My god, I think I just popped a Liberal Arts boner.

They have numbers (the language of God). They made satellites and got to churn the great butter whack of society that makes my bread so delicious and digital. They walk amongst gods. When Oppenheimer passes, girlies throw shirts and men shutter. I have Snoop Dogg; they have the atom bomb.

Well now things are looking up.

Because, now I know that trees smell different on their north sides.

It will be a disease of language that only death or Tony Soprano's two-by-four upside my head can cure.

The specific part that this quote originated from is a section that portrays spoken word as not only a step in linguistic history but as a medium for minute morsels of invaluable information. Within even the most ludicrous sounding epigram is a generation's worth of information. From how to properly wander the forest to the best way to smoke a pipe, the oral cultures created a wonderfully practical collection of sayings.

The examples Kane gives generally come from the indigenous North American people.

For all the white folks out there, here's a little something for ya.

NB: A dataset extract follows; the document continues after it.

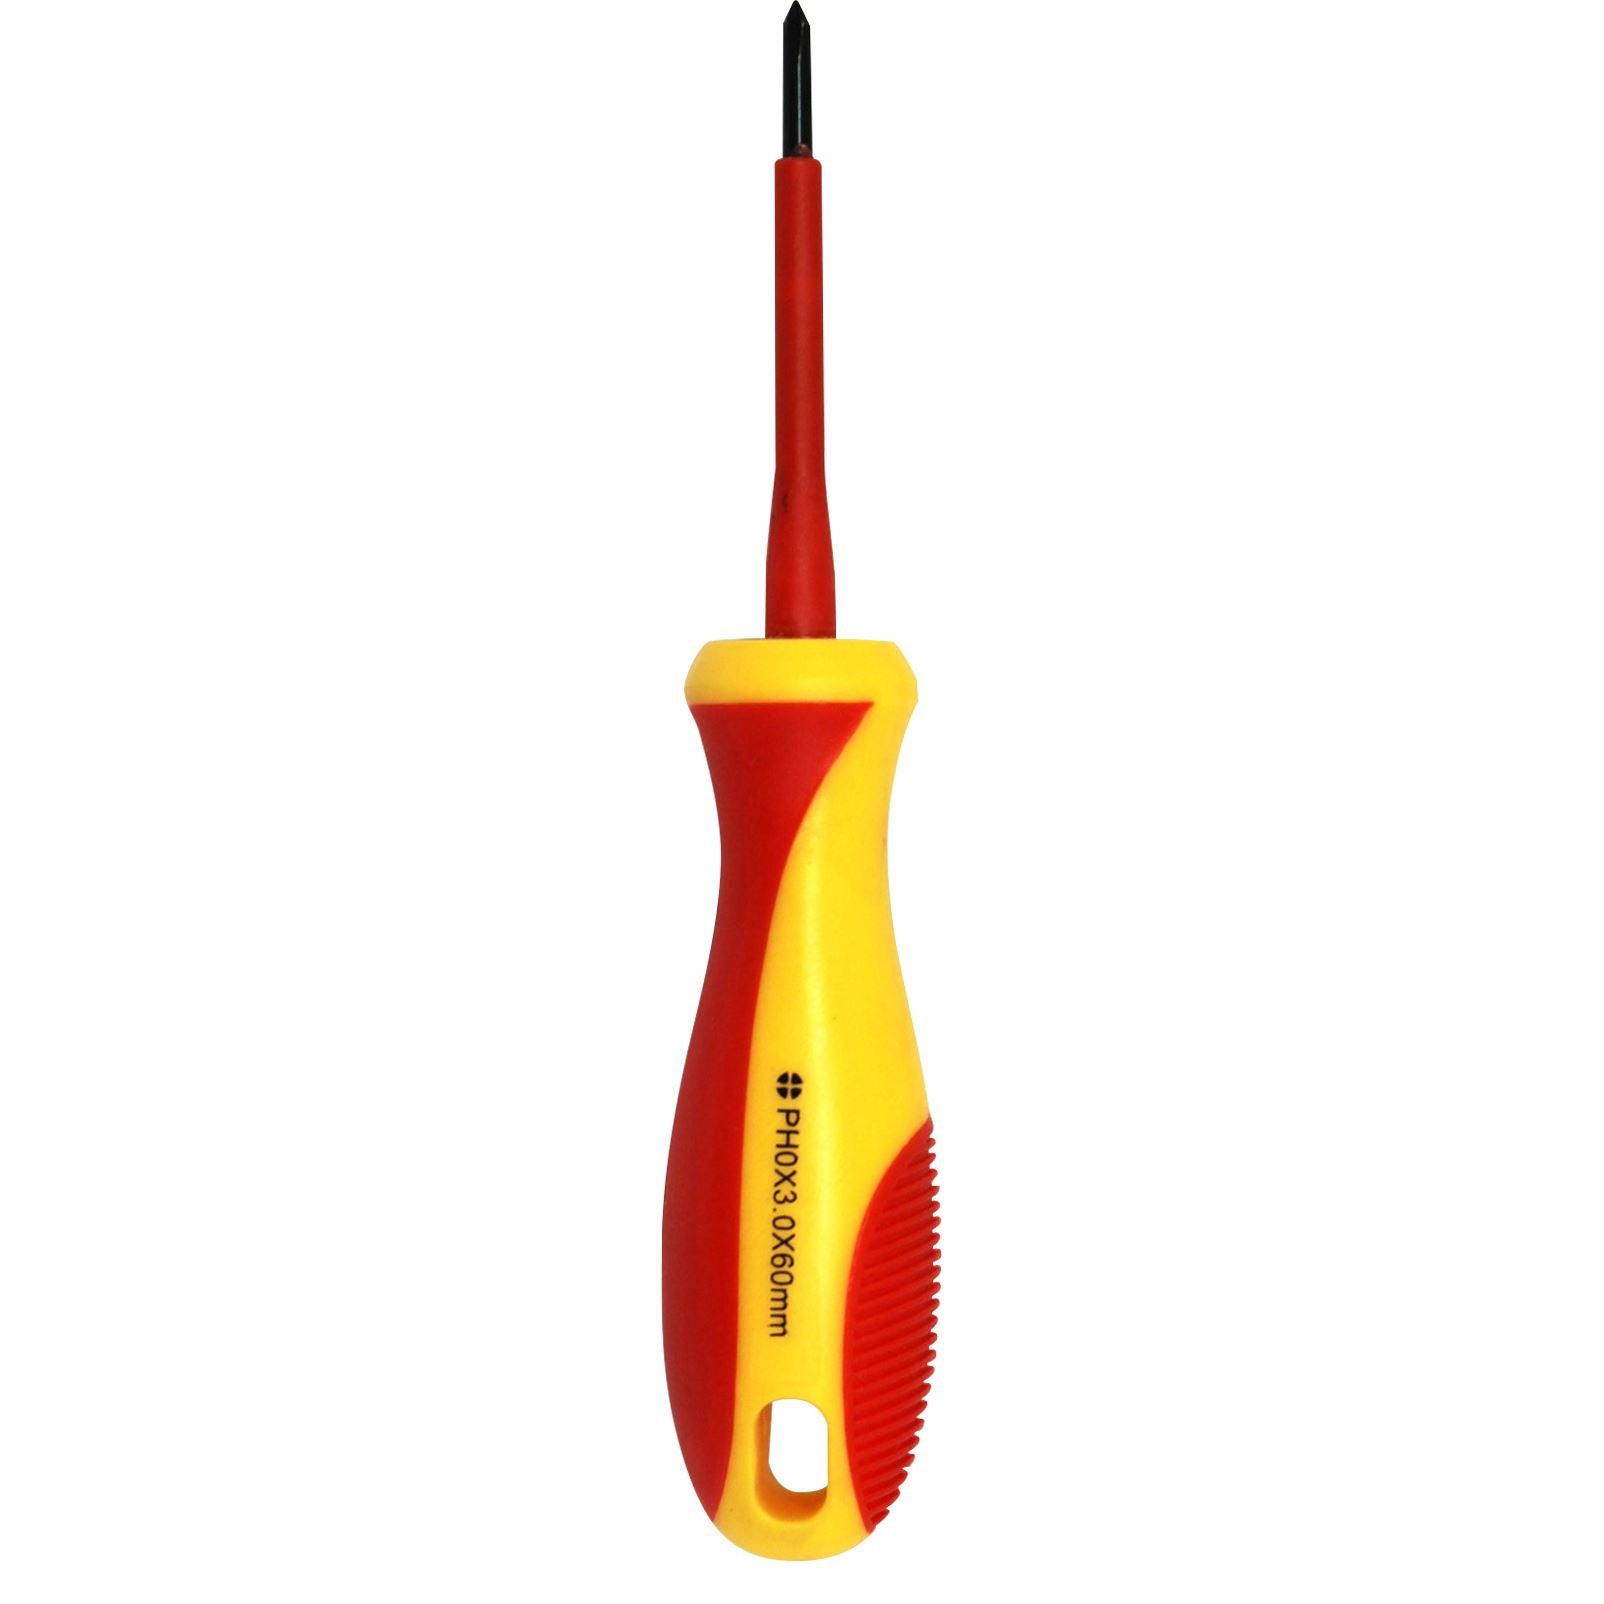 GOLDTOOL_60mm_Electrical_Insulated_VDE_Screwdriver._Tested_to_1000_Volts_AC._(PH0*60mm)._Yellow/Red_Colour_Handle

Ben Franklin was a fan of these. His Poor Richards Almanac housed many sayings that ranged from the extremely practical to the painfully worthless. The useful ones still plague society today and the less useful ones allow us to laugh at that savage time from our great internet powered ivory tower. That balding curmudgeon learned us good that a penny saved was a penny earned and that an apple a day kept the doctor away. They were cute and easily memorized but the wisdom in each one could keep a person alive.

This bit from Wisdom of the Mythtellers intrigues me because it is an example of a mnemonic that seems more elegant than repeating something ad nauseum and more accessible than a memory theater for the borderline idiot like myself.

At some point I hope to condense the whole of human knowledge and experience into a group of fart jokes.

"the north side of my Uncle Eugene smells different as the southern wind blows"

(I think I stole that joke from somewhere)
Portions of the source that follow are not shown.